What to do: Images are to be left out; everything else in the listing should be repeated exactly.

Data section:
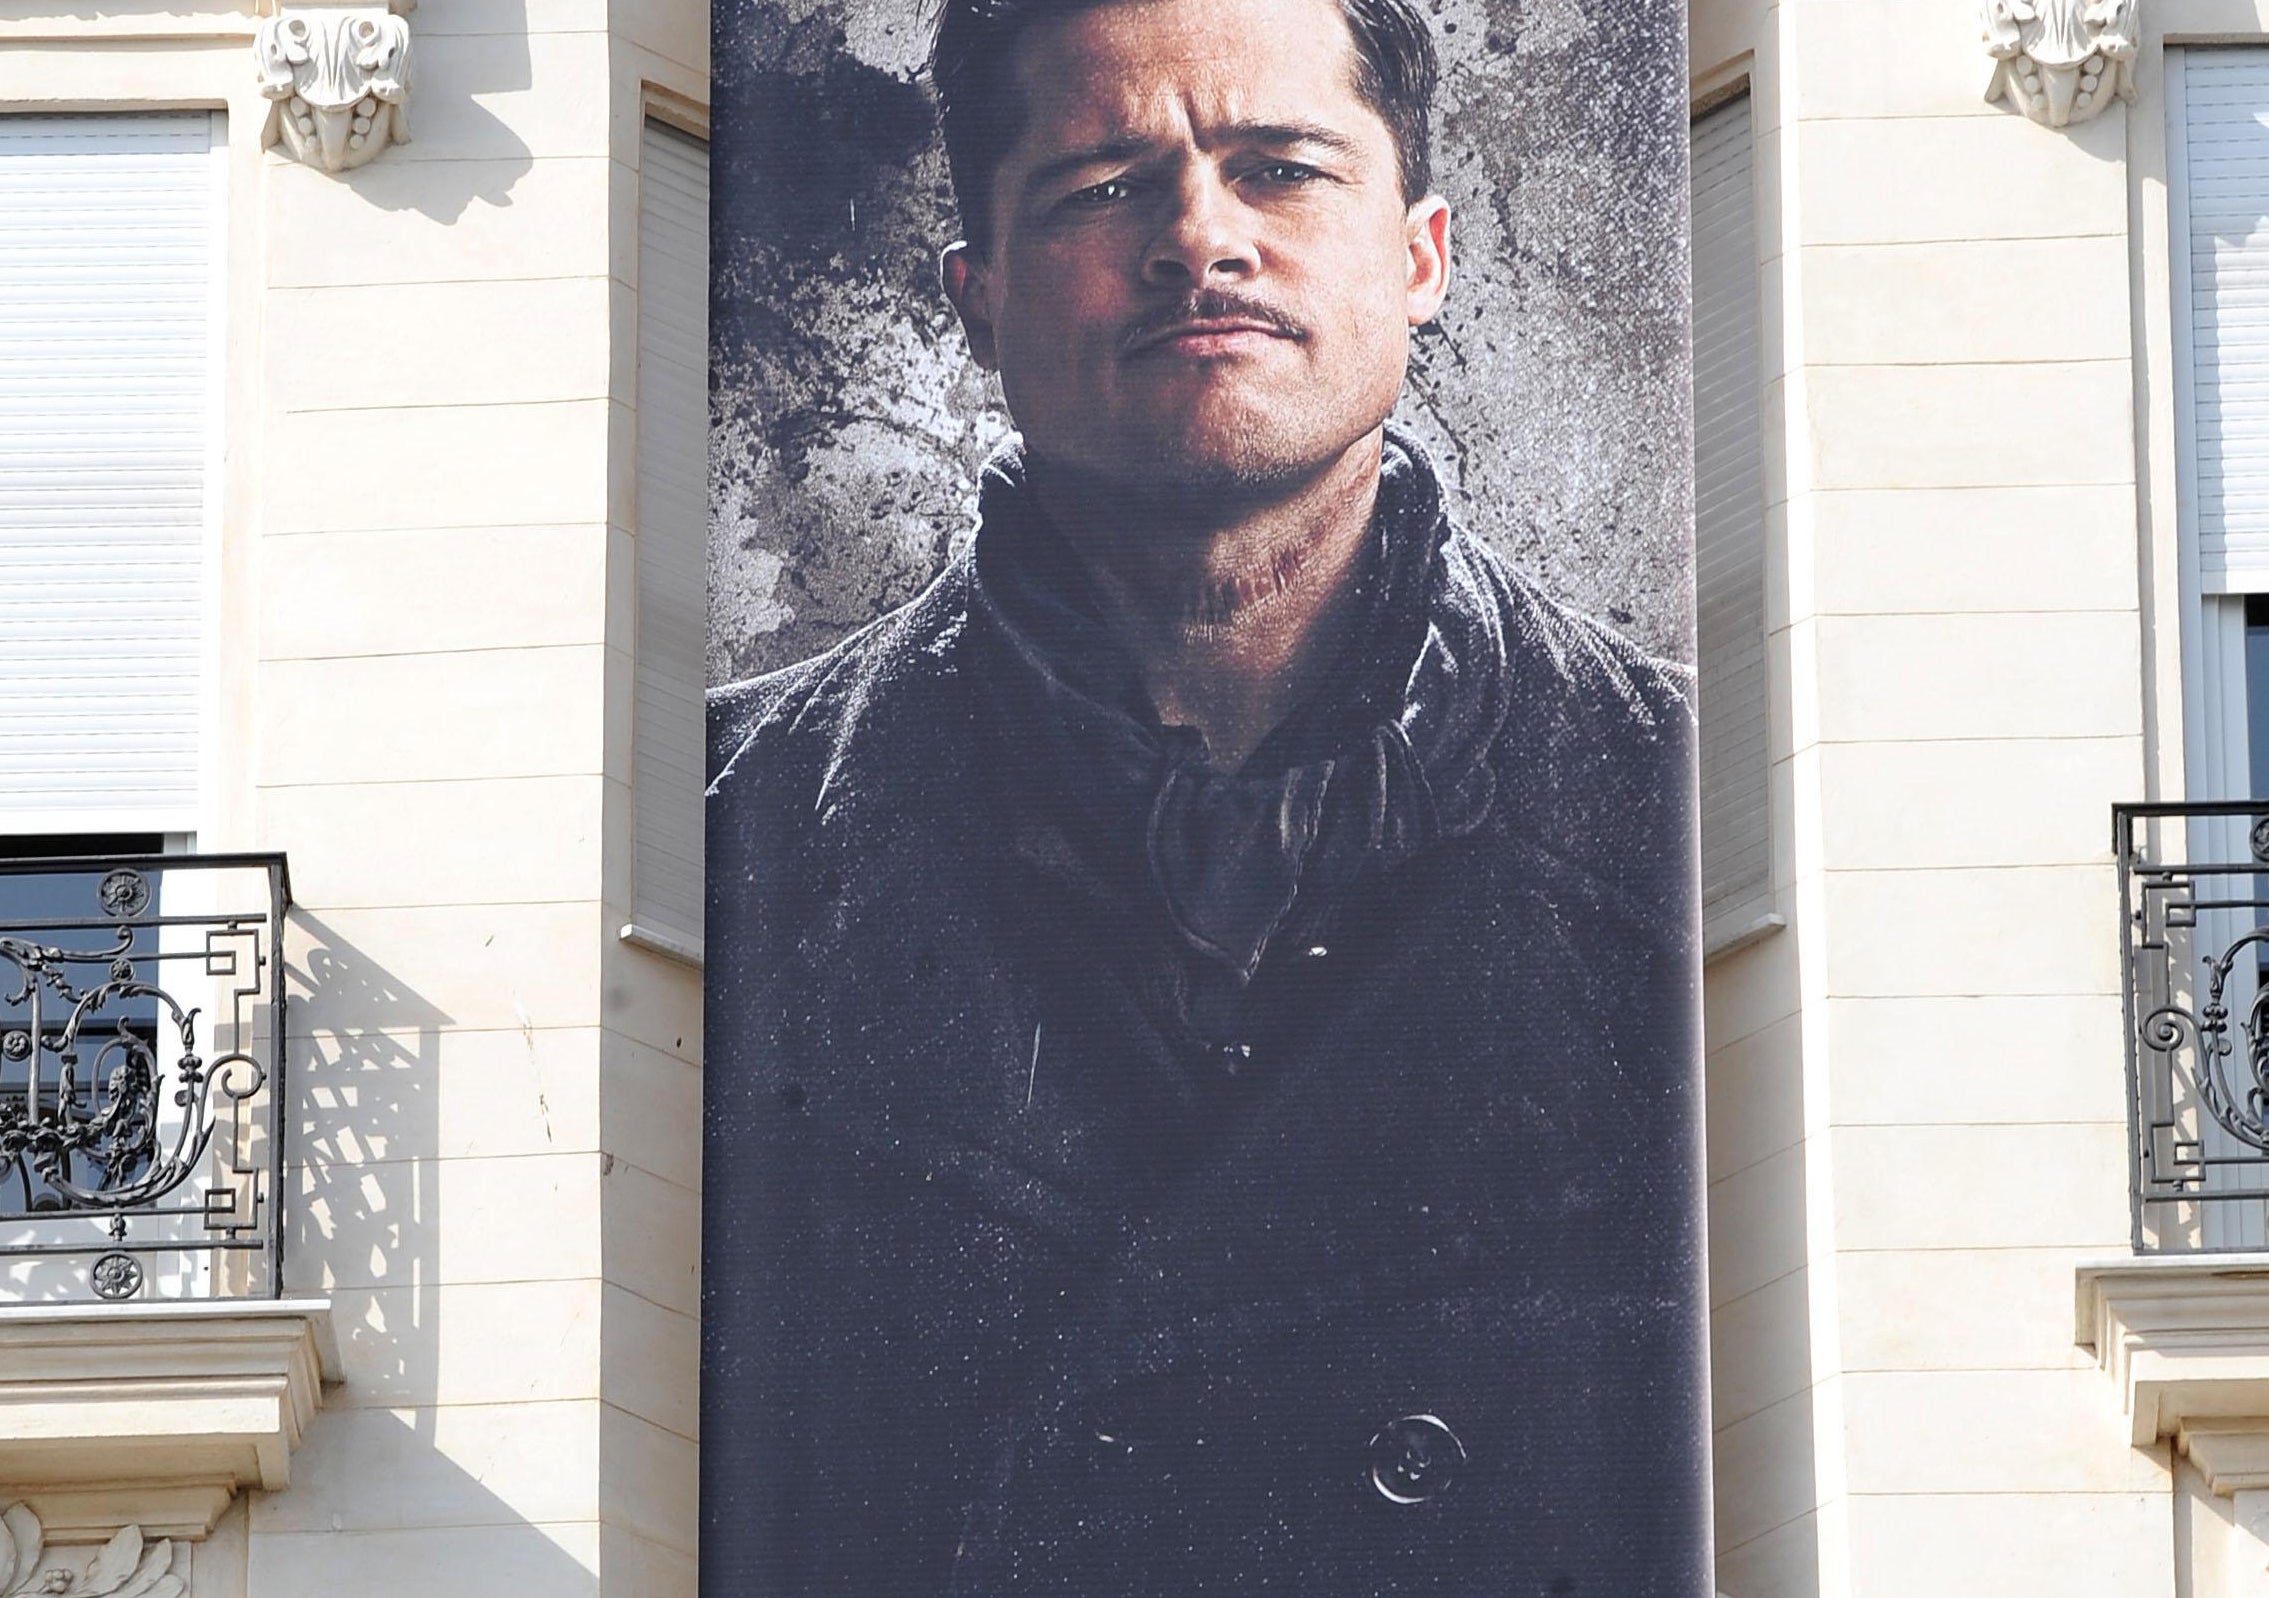 Promotional poster featuring Brad Pitt for Inglourious Basterds film
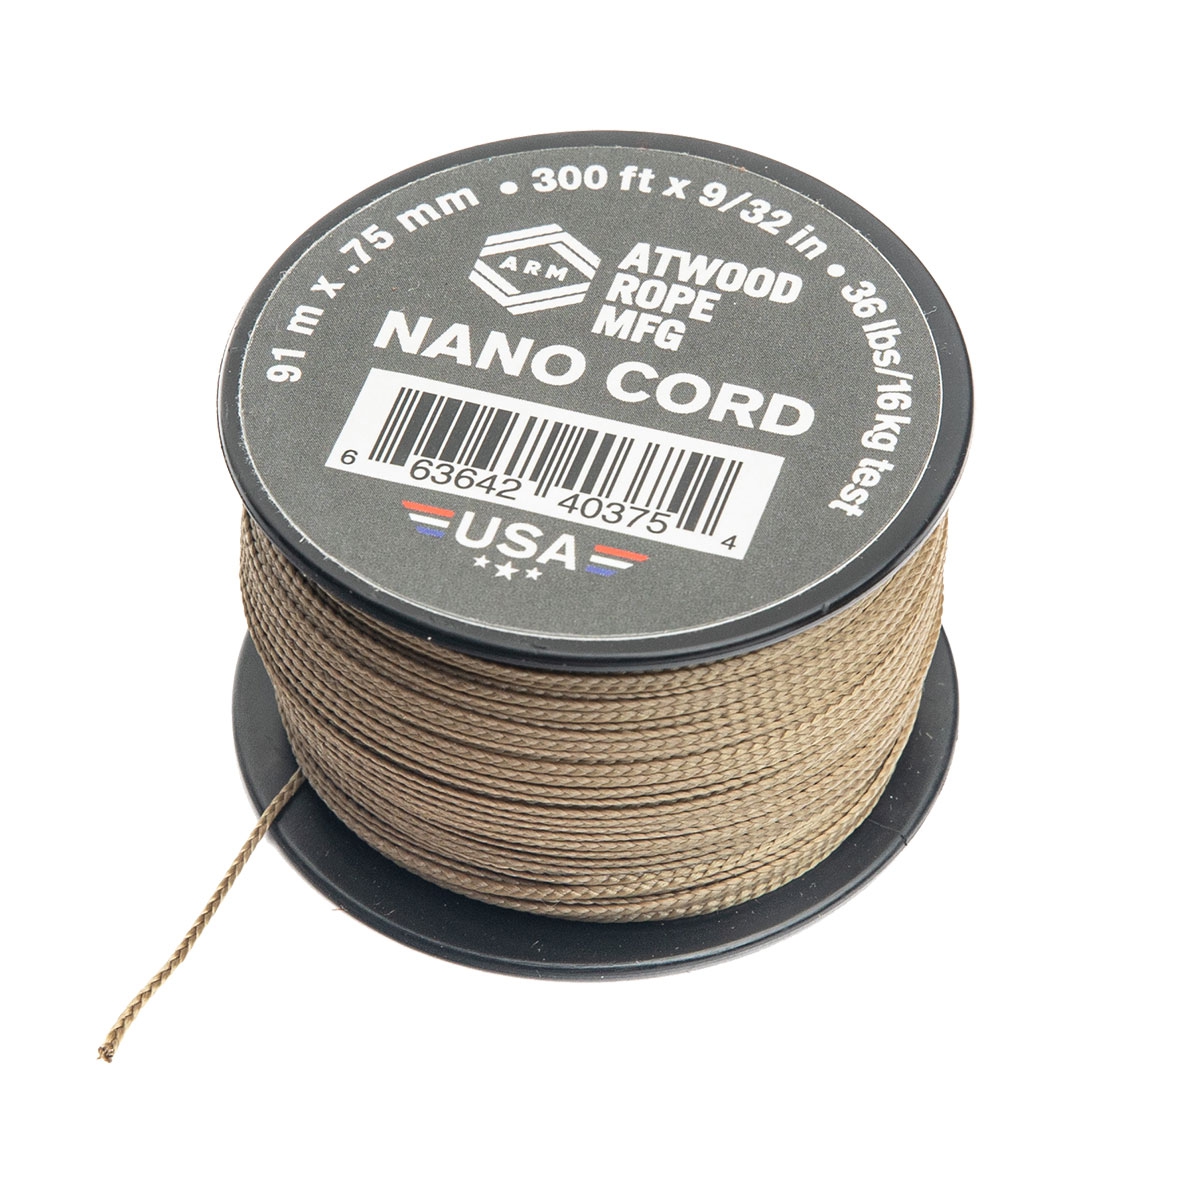 Atwood Rope .75 mm Nano Cord, 91 m / 300 ft, Coyote Brown
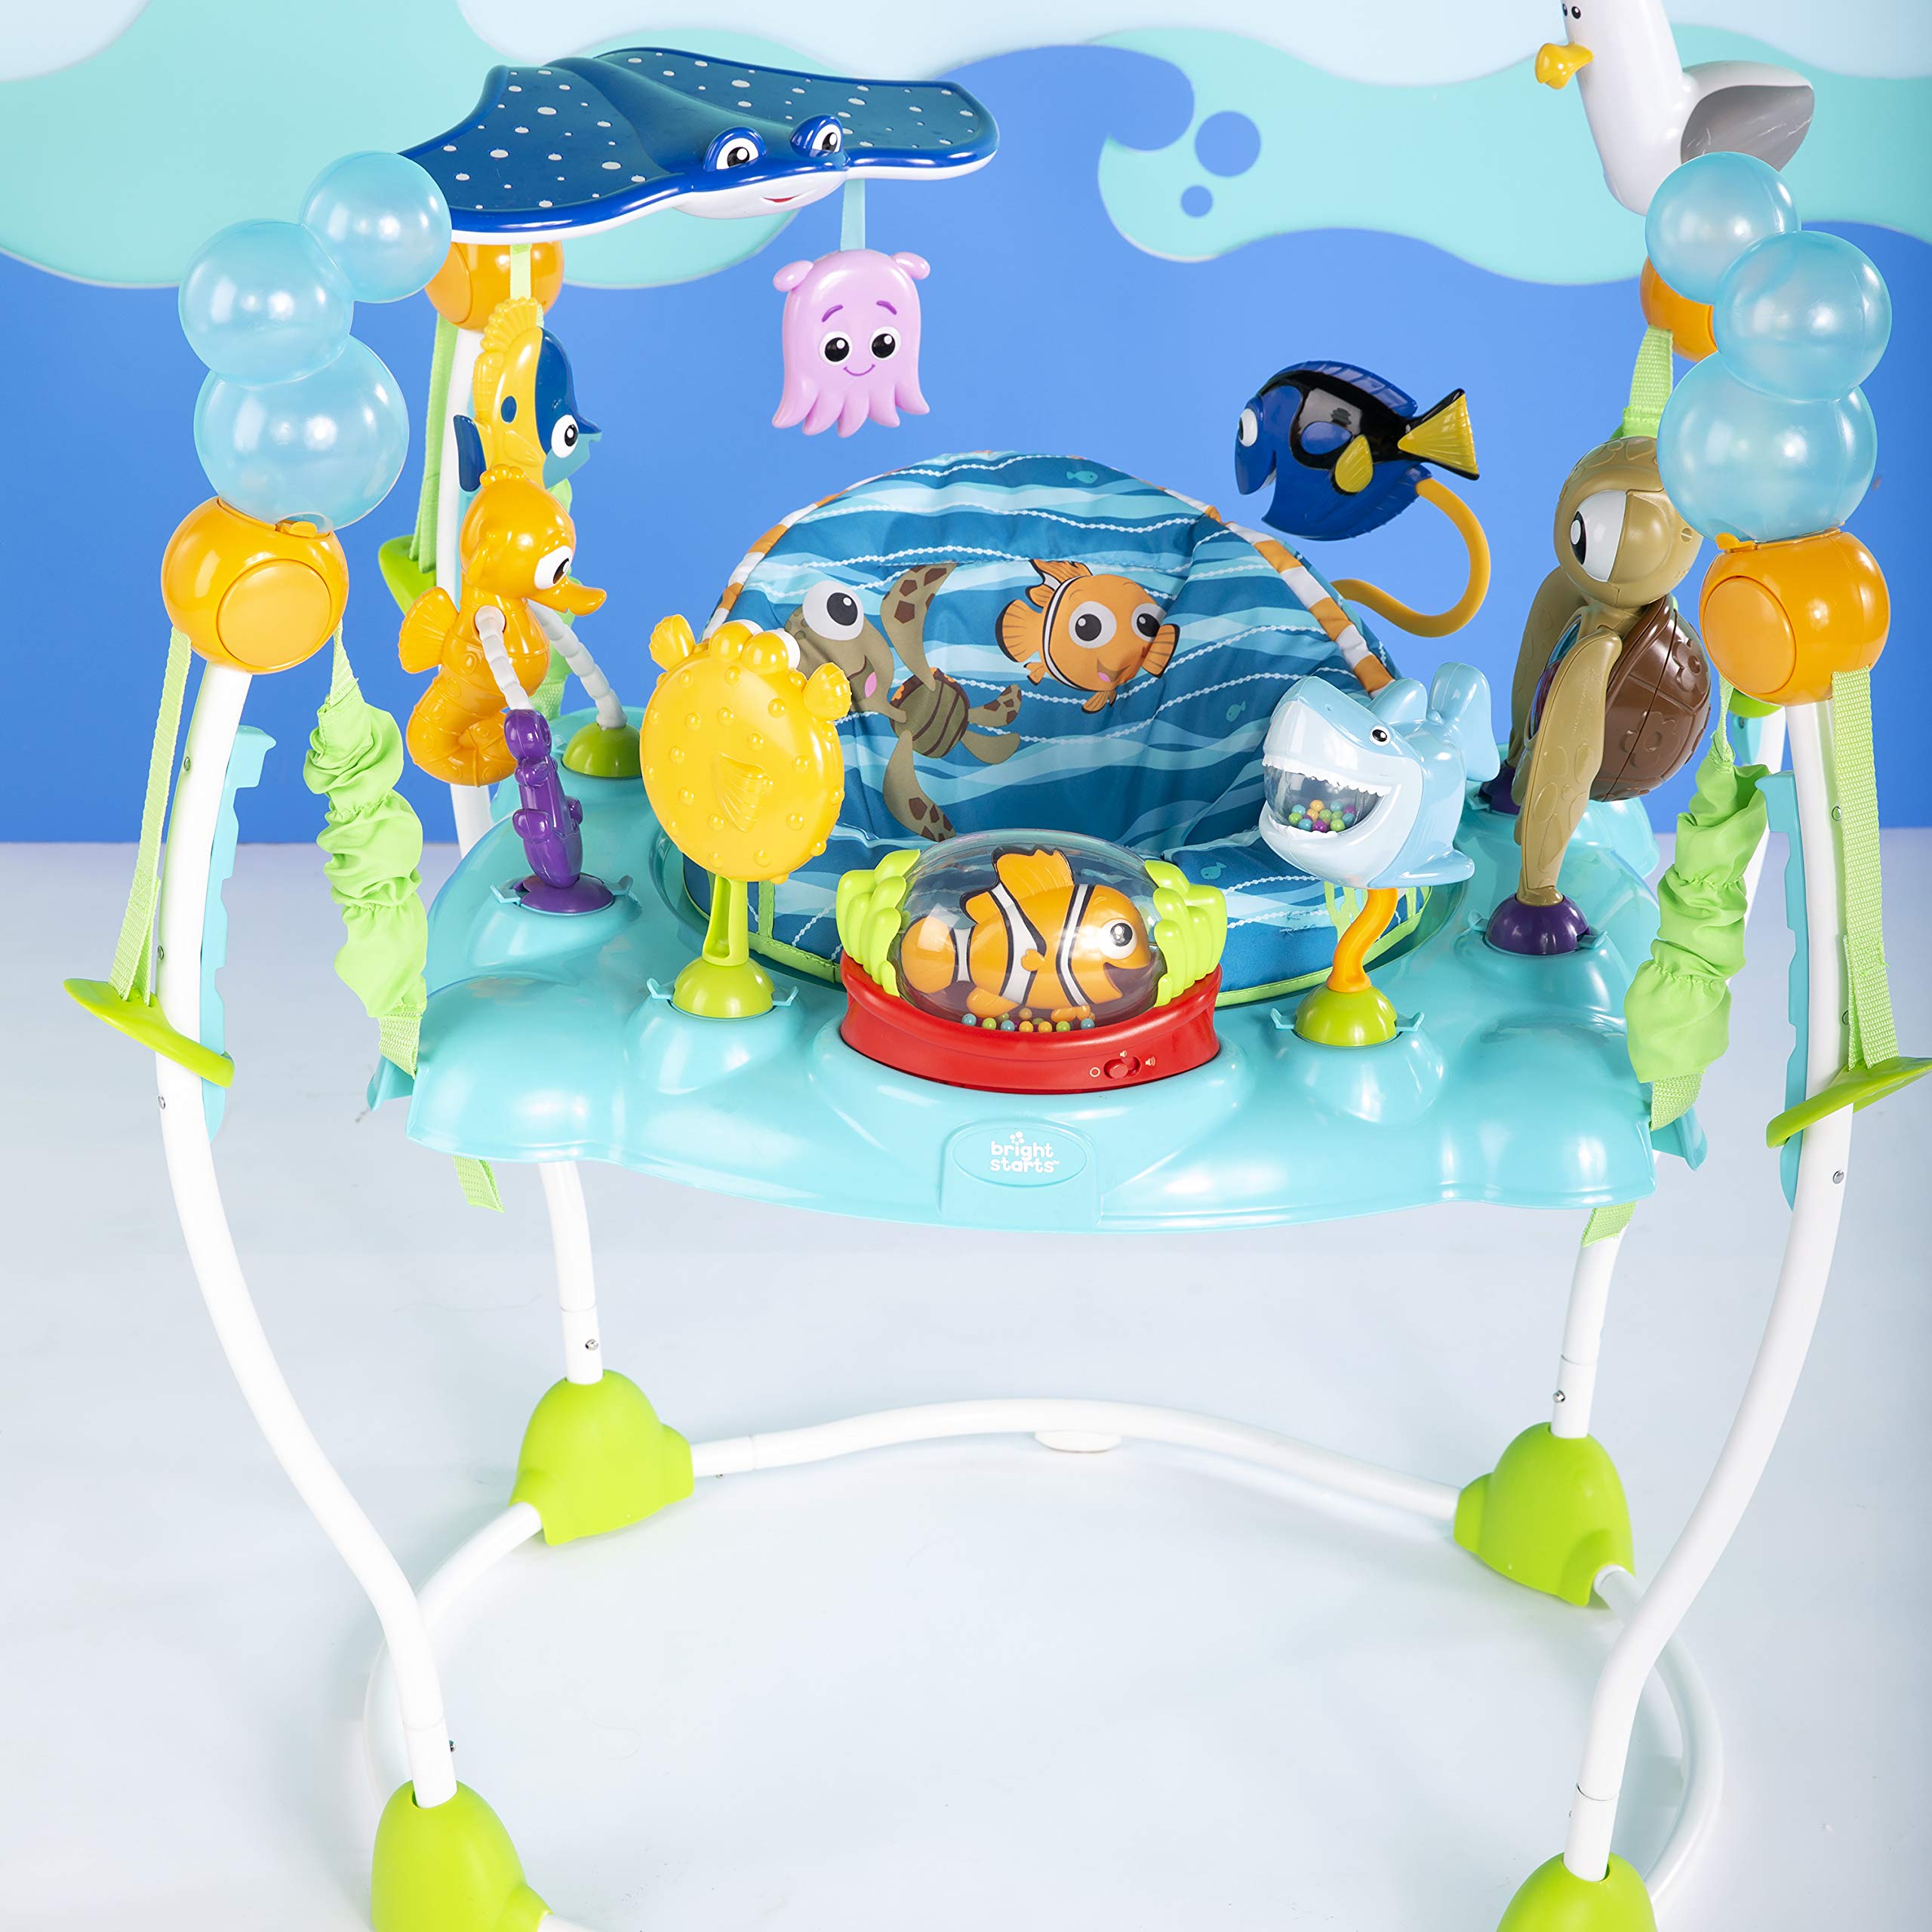 Disney Baby Finding Nemo Sea of Activities Baby Activity Center Jumper with Interactive Toys, Lights, Songs & Sounds, 6-12 Months (Blue)

Result below:
 Promotional poster featuring Brad Pitt for Inglourious Basterds film
 Atwood Rope .75 mm Nano Cord, 91 m / 300 ft, Coyote Brown
 Disney Baby Finding Nemo Sea of Activities Baby Activity Center Jumper with Interactive Toys, Lights, Songs & Sounds, 6-12 Months (Blue)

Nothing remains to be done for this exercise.